In the course of time, the stability of a gas-filled proportional counter requires, among other things, that the composition of the gas phase remains unchanged. However, the gas phase composition tends to change for various reasons. For instance, the different materials which the proportional counter is made of gradually emit gases absorbed in their surfaces; gases trapped in the pores of the materials also continuously flow into the gas filling. Moreover, small leakages from the window and/or the jointings of the proportional counter cause changes in the gas phase composition. Thus the properties of the whole proportional counter easily change if any impurities enter the gas phase.
The conventional methods for manufacturing proportional counters aim at achieving a steady stability for the gas phase by means of pumping the counter, i.e. the detector, for a long time before filling, and by heating it simultaneously. This method is not, however, completely secure in eliminating all possible sources wherefrom the gas filling can in the course of time be contaminated.

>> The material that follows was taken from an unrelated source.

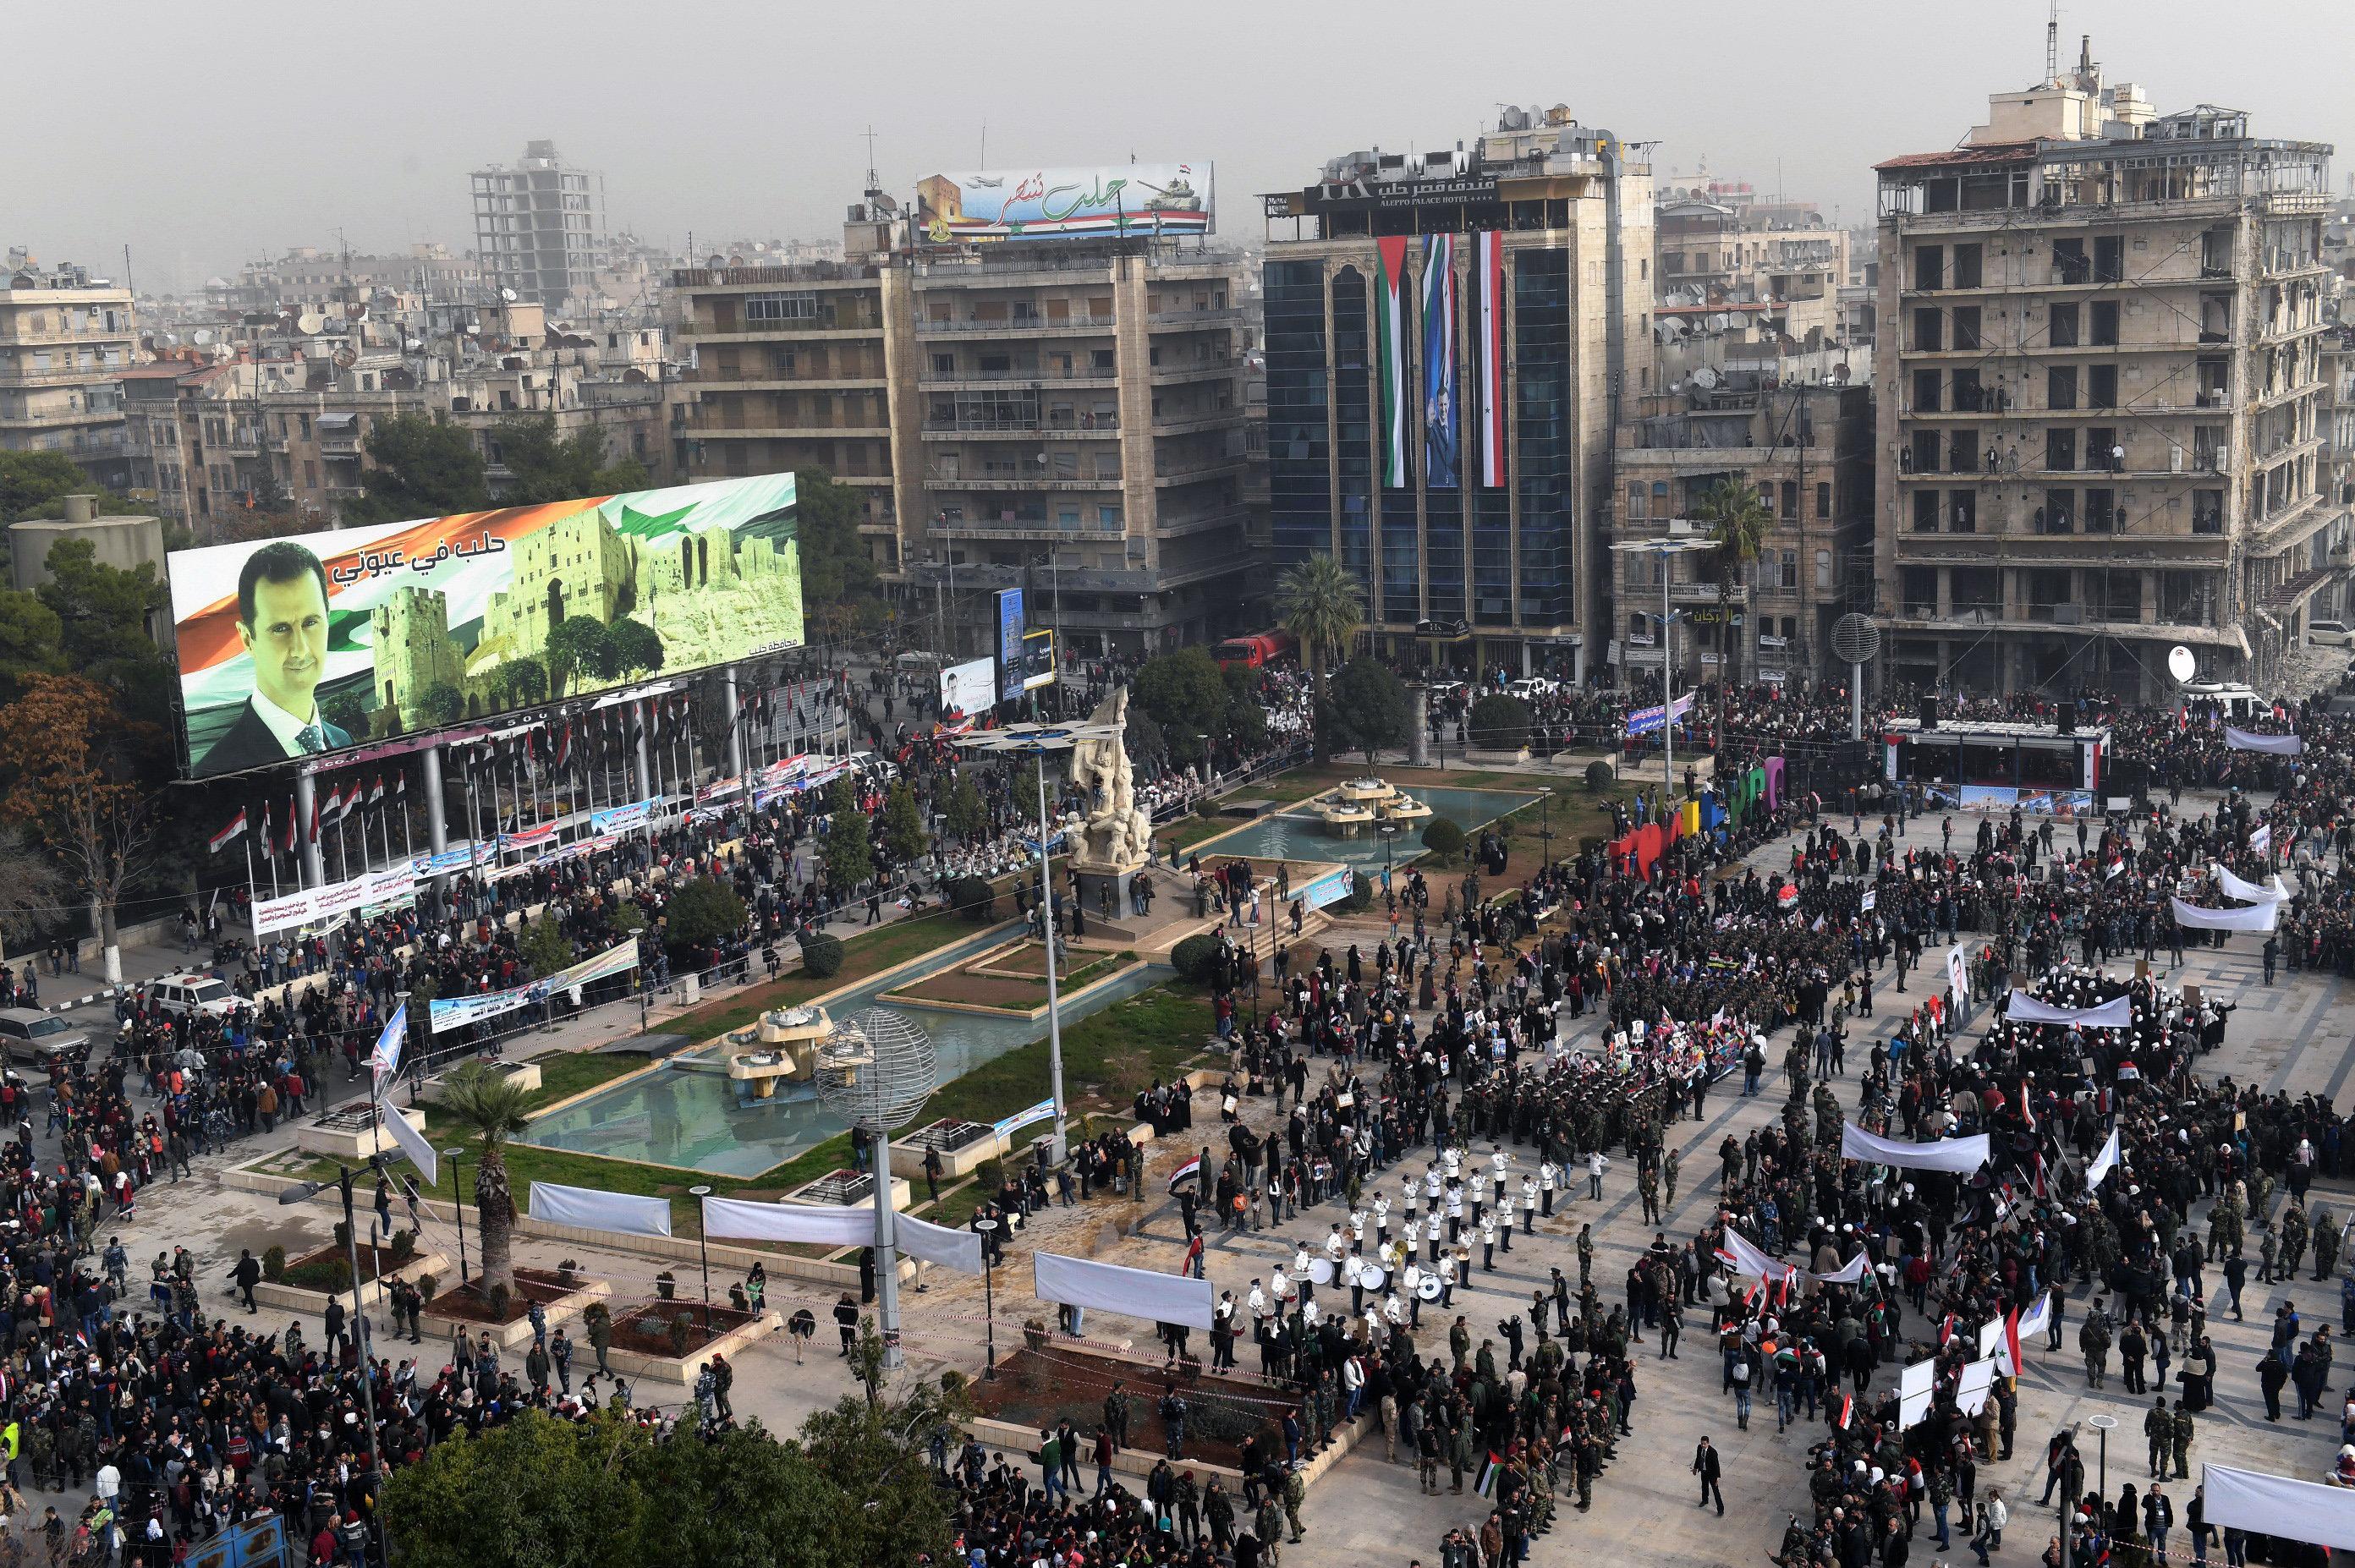 Une photo prise le 21 décembre 2017 montre une vue surélevée de la place de Saadallah al-Jabiri dans la ville syrienne d'Alep

In the prior art, gas phase stabilizers operated in room temperature have been developed to eliminate the gases emitted in various vacuum tubes. Noble gases are chemically completely inert, and therefore the same stabilizers, the getters, can be employed for maintaining the purity of the noble gas filling.
It is, however, necessary to activate the gas stabilizers, i.e. the getters, before they can bind impurities. The activating is normally carried out by heating the stabilizer in a vacuum up to the temperature of 500.degree.-800.degree. C., while the activating time depends on the required temperature.
The commonest methods for activating the gas phase stabilizer of a proportional counter are resistance heating and high-frequency heating. Resistance heating requires that an extra electric inlet is installed within the proportional counter, which adds the complexity of the proportional counter structure, and thus increases its manufacturing costs. High-frequency heating is out of question if the gas phase stabilizer, the getter, must be located essentially within a counter which is altogether made of metal. Moreover, the heating of the whole counter in order to activate the stabilizer is impossible, because the jointings used in manufacturing the counter do not, as a whole, endure the high temperature required in the heating.
The purpose of the present invention is to eliminate the drawbacks of the prior art and to achieve a method, both better and more secure in operation than the prior art methods, for heating the gas phase stabilizer so that the stabilizer can be activated and thereafter employed for eliminating the impurities emitted into the gas filling.